Does anyone know of where to find a site where you can find the RV parks that have won awards for the best campground of the year? Every now and then I run across a campground and they claim to have won an award for being the best of the best-----Thanks


----------



## egregg57 (Feb 13, 2006)

Good question! I'd like to know!


----------



## h2oman (Nov 17, 2005)

I would think AAA, or Good Sam would be the people to ask. But, I don't know. If anyone finds out, please post it. This could be useful info.


----------



## mswalt (Sep 14, 2004)

> I would think AAA, or Good Sam would be the people to ask. But, I don't know. If anyone finds out, please post it. This could be useful info.


I would think awards would be "awarded" by some outside entity, too. Not sure if you could find a site that would list all awards from every entity.

Mark


----------



## glennbo (Jun 27, 2006)

Try this... not super current but close enough.
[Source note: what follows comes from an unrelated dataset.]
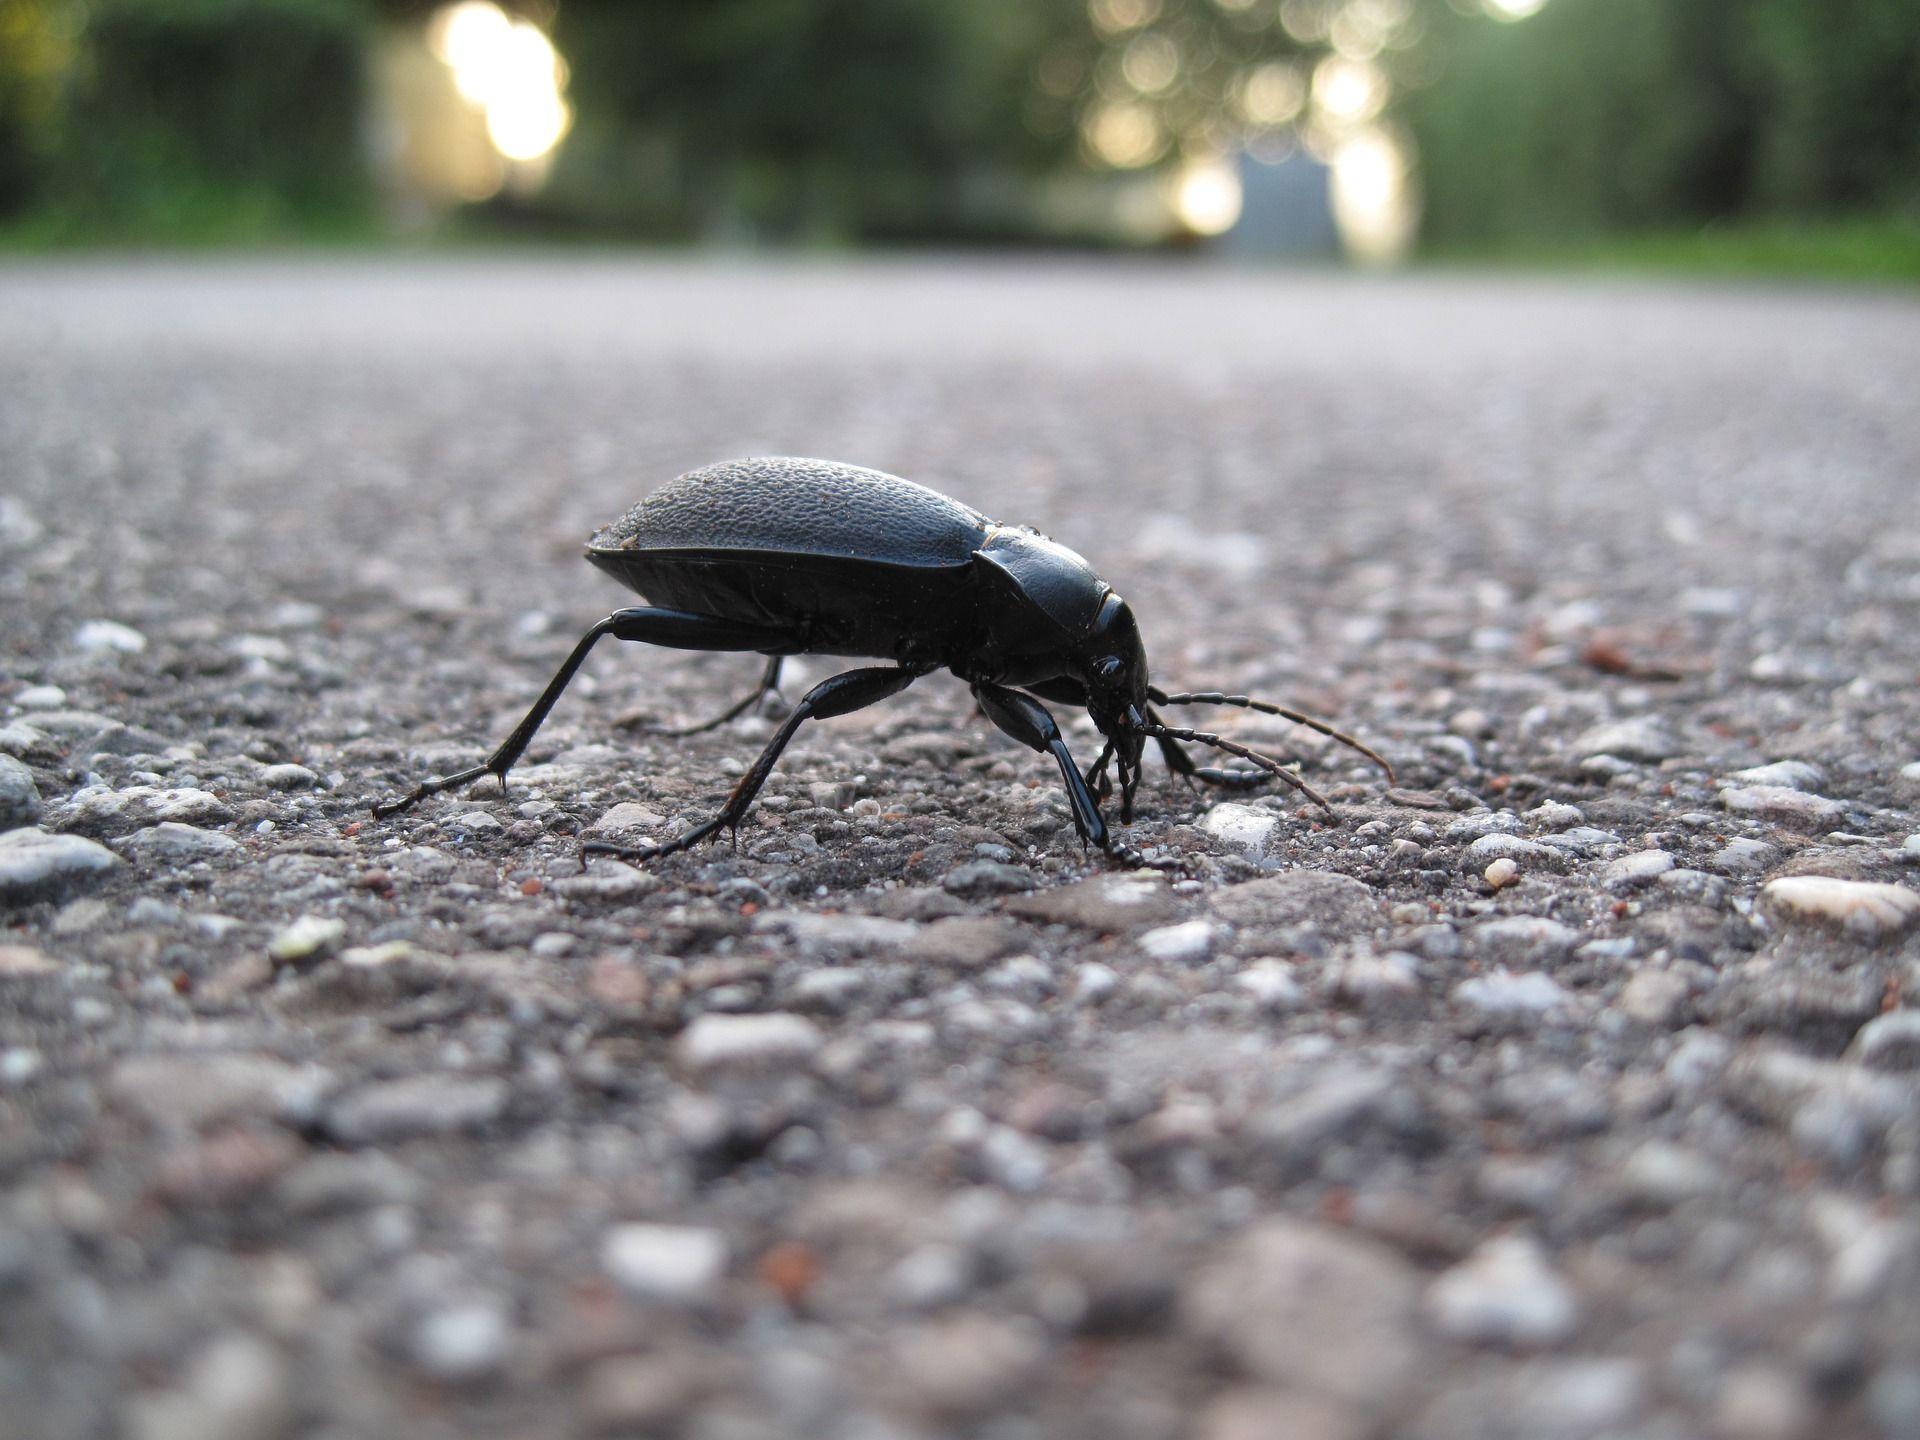 Смотреть необычное фото черного жука
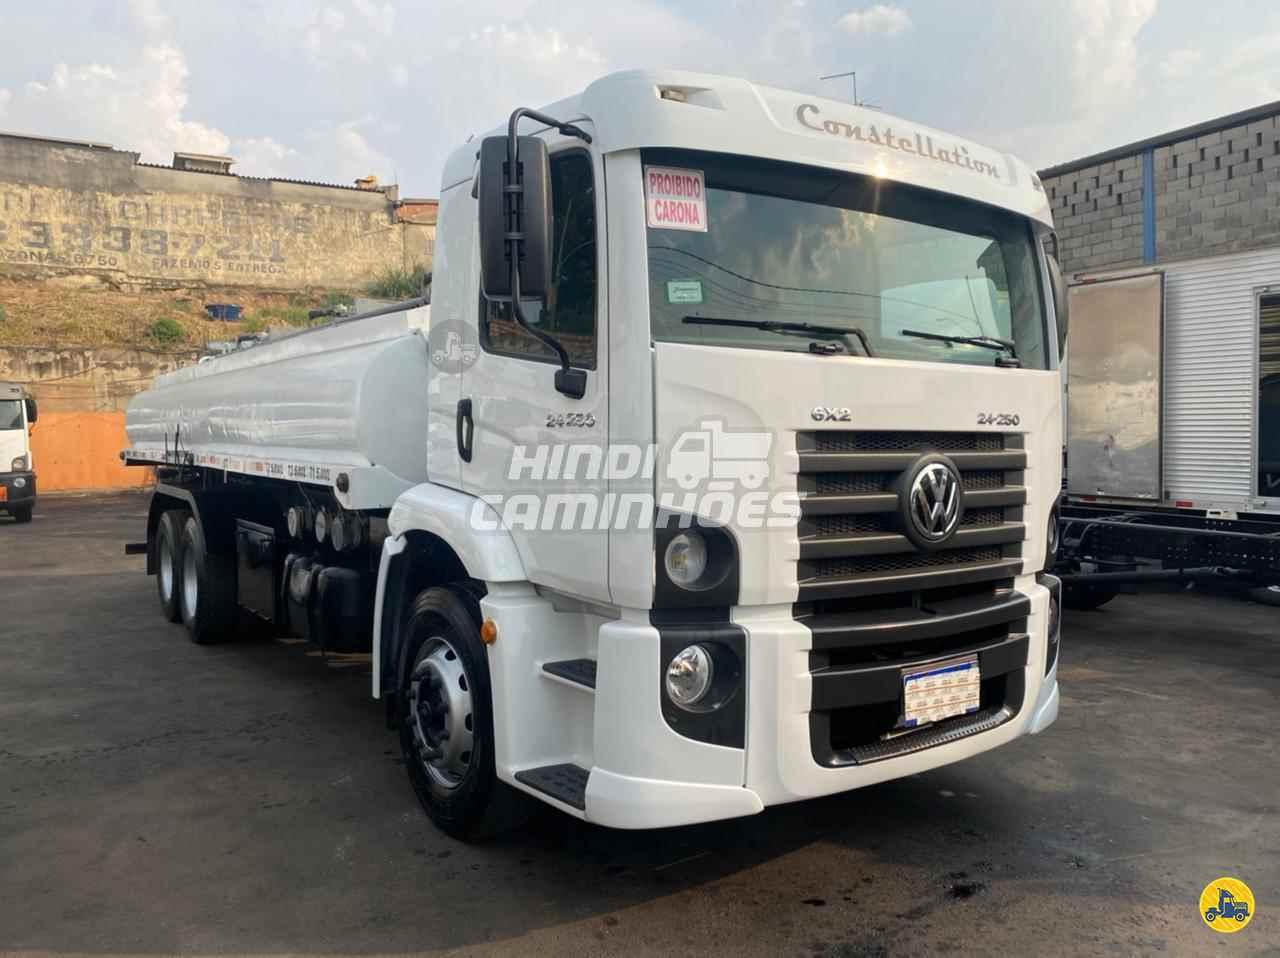 CAMINHAO VOLKSWAGEN VW 24250 Tanque Aço Truck 6x2 Hindi Caminhões CONTAGEM MINAS GERAIS MG

http://www.roadtripamerica.com/read/frommers.htm

Here you'll get info on the following:

Best RV Camping 
Best Tent Camping 
Most Beautiful Campgrounds 
Most Private Campgrounds 
Most Spacious Campsites 
Quietest Campgrounds 
Most Secure Campgrounds 
Cleanest Camprounds 
Best Swimming Pools 
Best Campground Facilities 
Best Rural, Farm, or Ranch Settings 
Best Urban & Suburban Settings 
Best Mountain Settings 
Best Waterfront Settings 
Most Romantic Settings 
Best Family-Oriented


----------



## kmcfetters (May 7, 2005)

Thanks a bunch!


----------